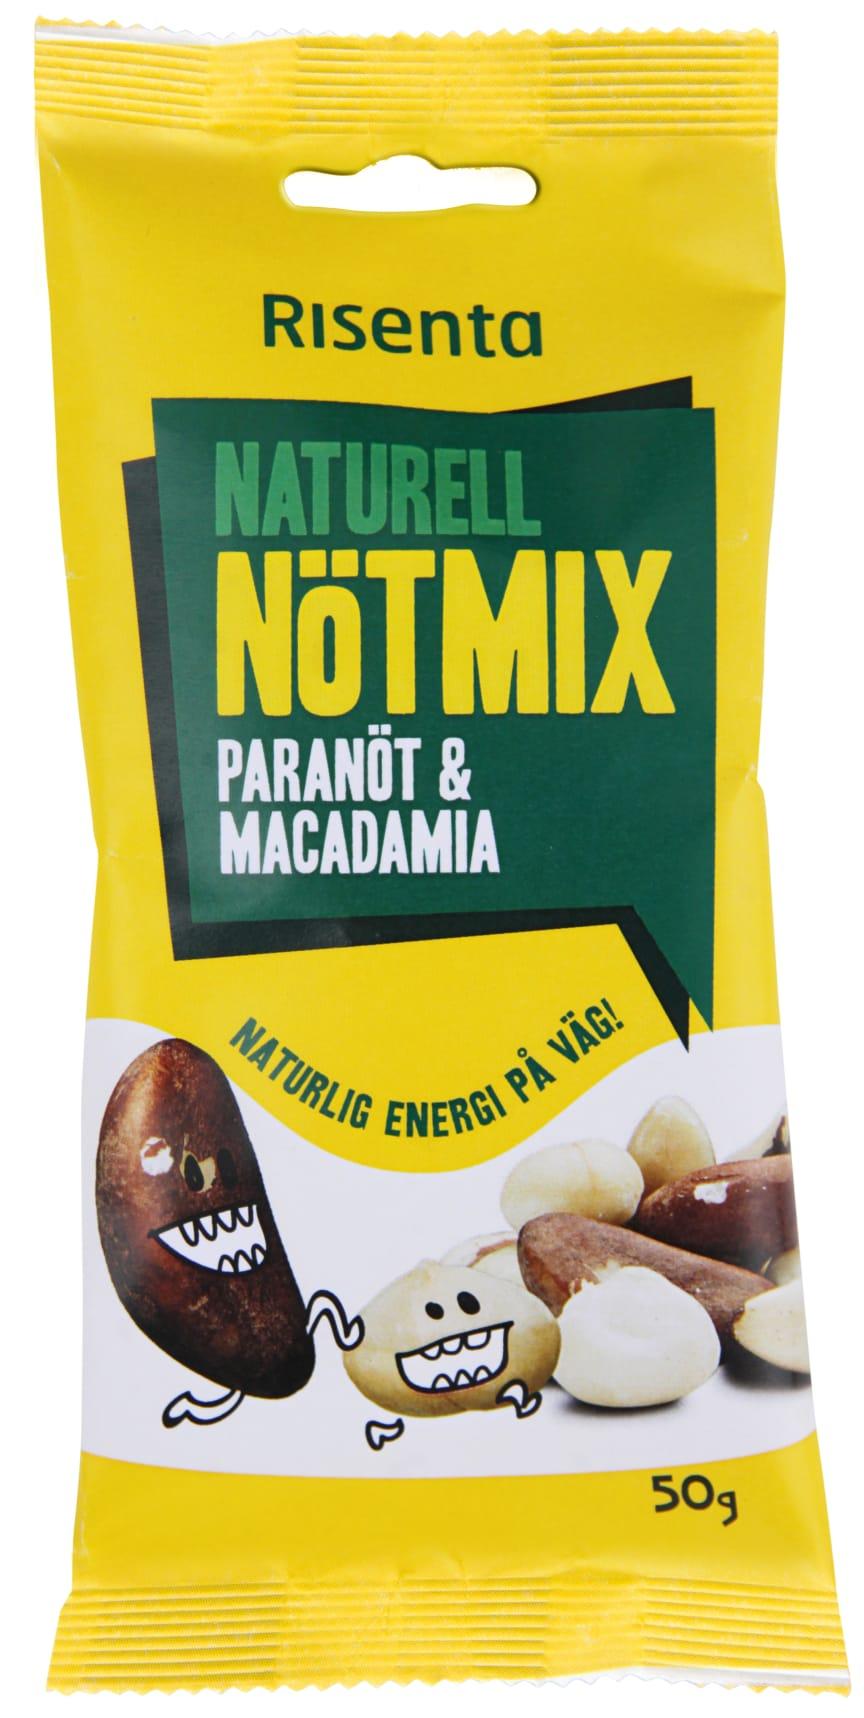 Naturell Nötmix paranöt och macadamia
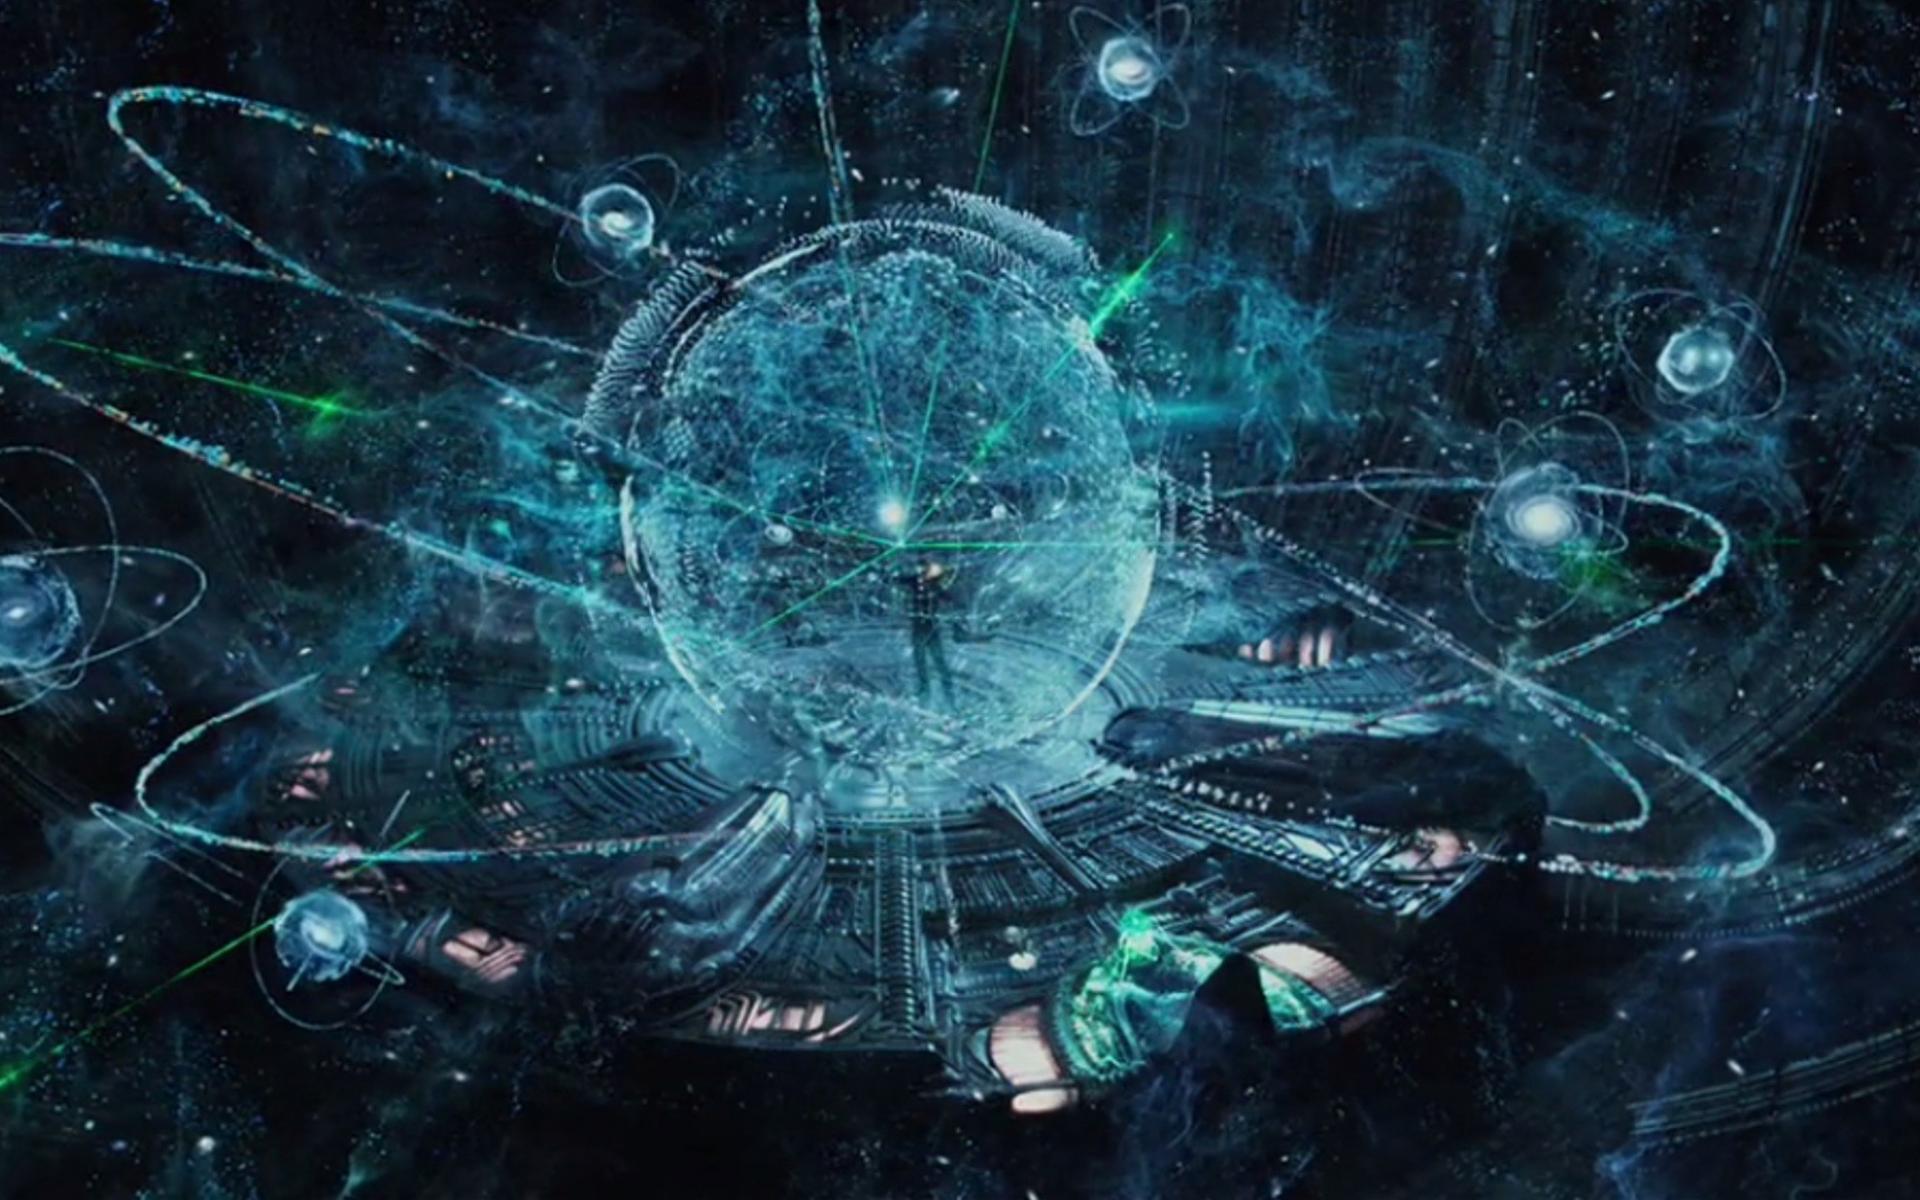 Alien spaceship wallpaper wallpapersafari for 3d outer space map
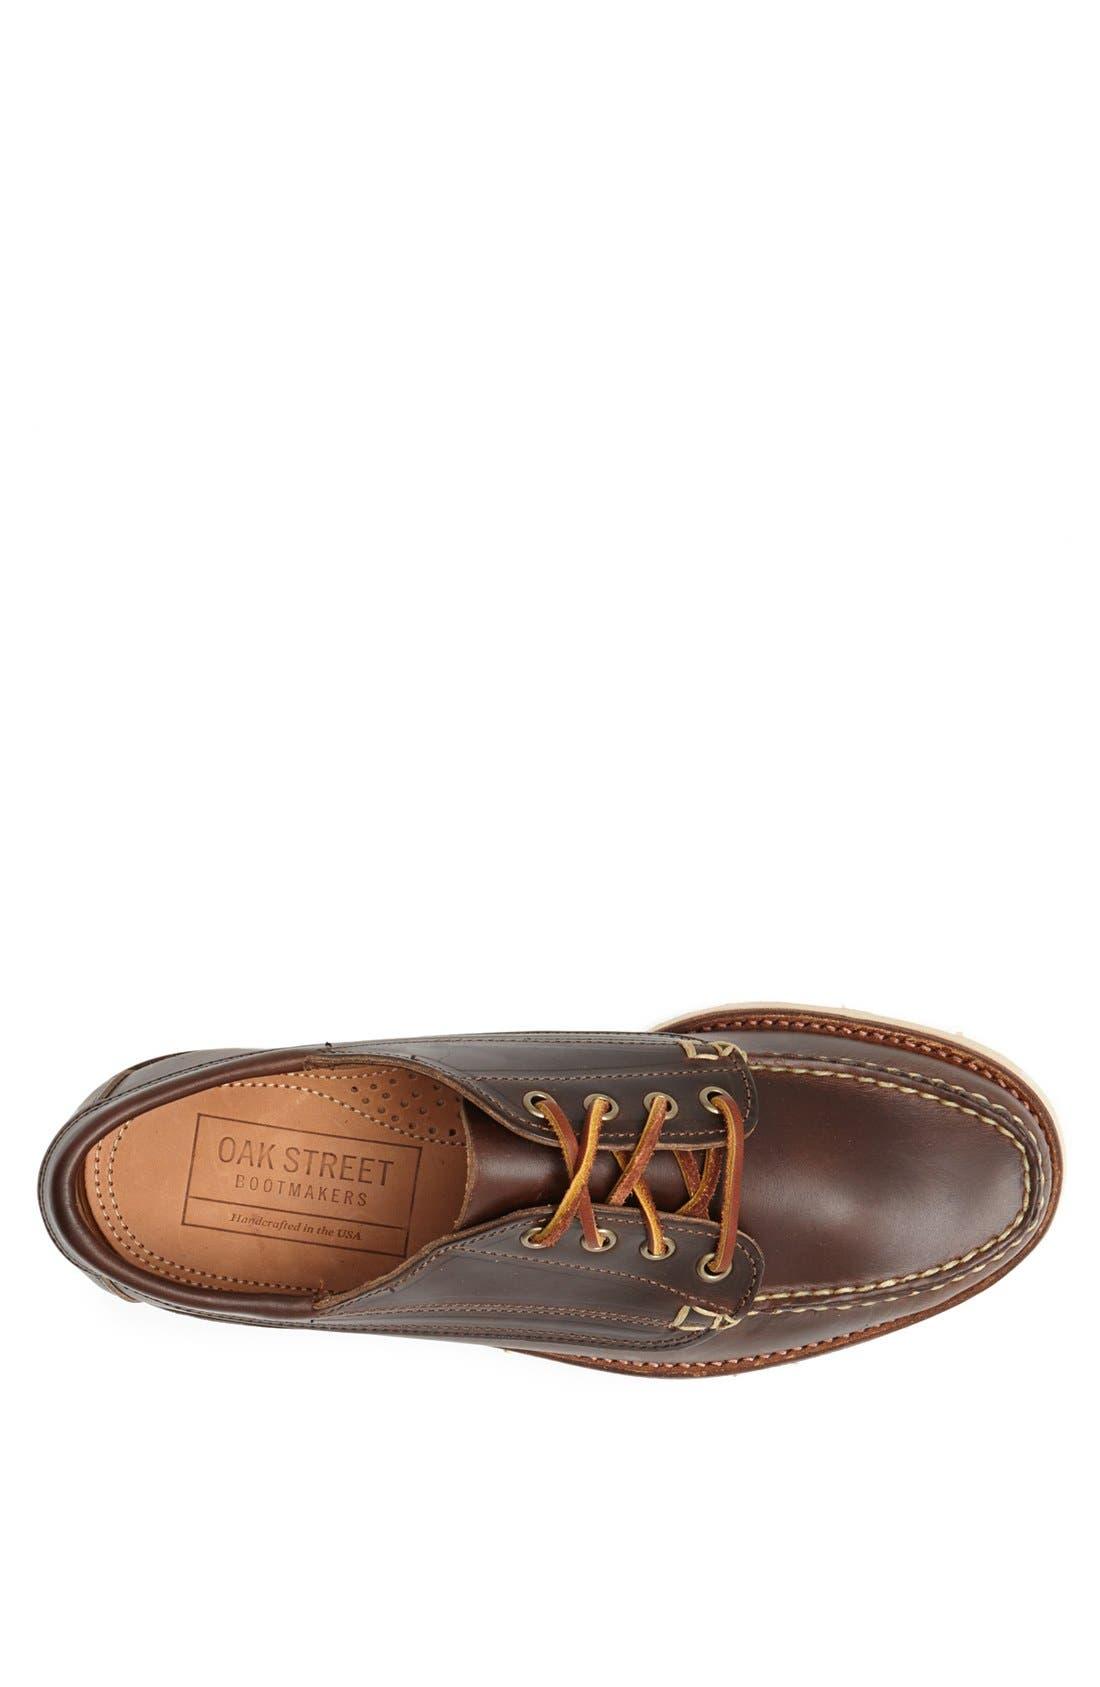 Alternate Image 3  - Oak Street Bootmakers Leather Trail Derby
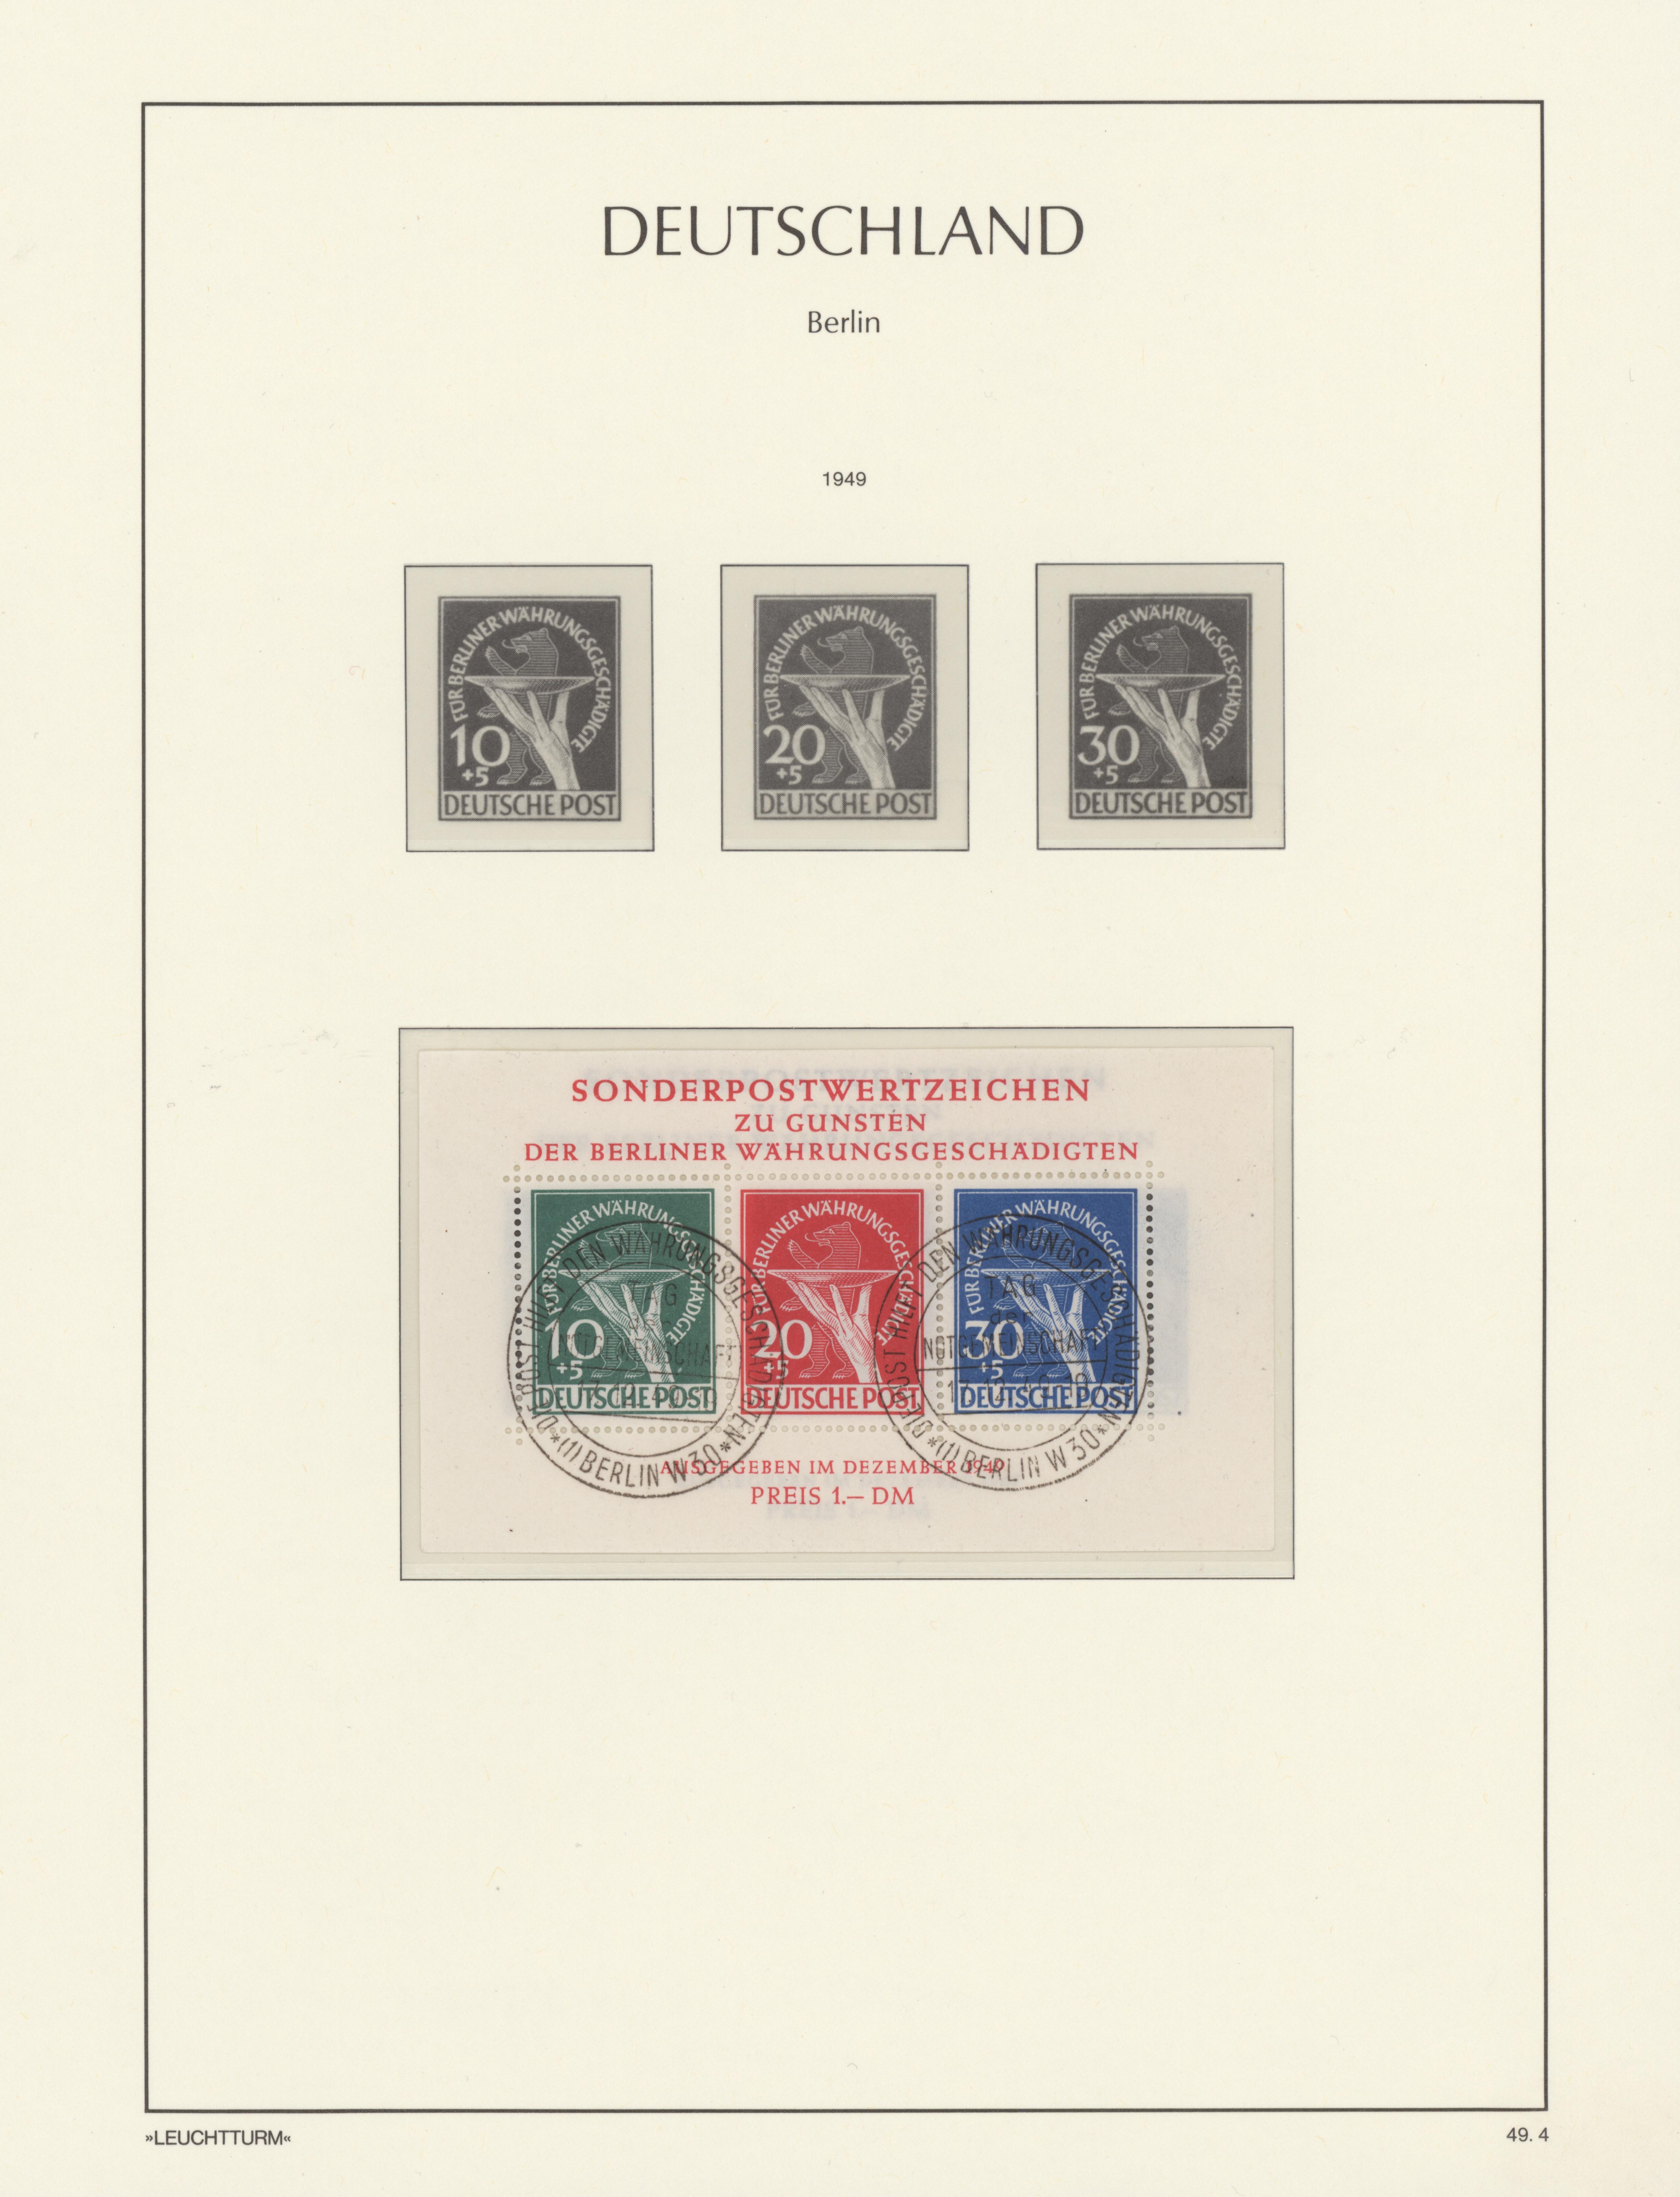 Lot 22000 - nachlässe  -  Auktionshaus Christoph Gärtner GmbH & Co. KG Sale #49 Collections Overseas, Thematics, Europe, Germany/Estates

Work to be completed:
Copy the data exactly. Any picture it contains is to be omitted.

Task result:
 Naturell Nötmix paranöt och macadamia
 Alien spaceship wallpaper wallpapersafari for 3d outer space map
 Alternate Image 3  - Oak Street Bootmakers Leather Trail Derby
 Lot 22000 - nachlässe  -  Auktionshaus Christoph Gärtner GmbH & Co. KG Sale #49 Collections Overseas, Thematics, Europe, Germany/Estates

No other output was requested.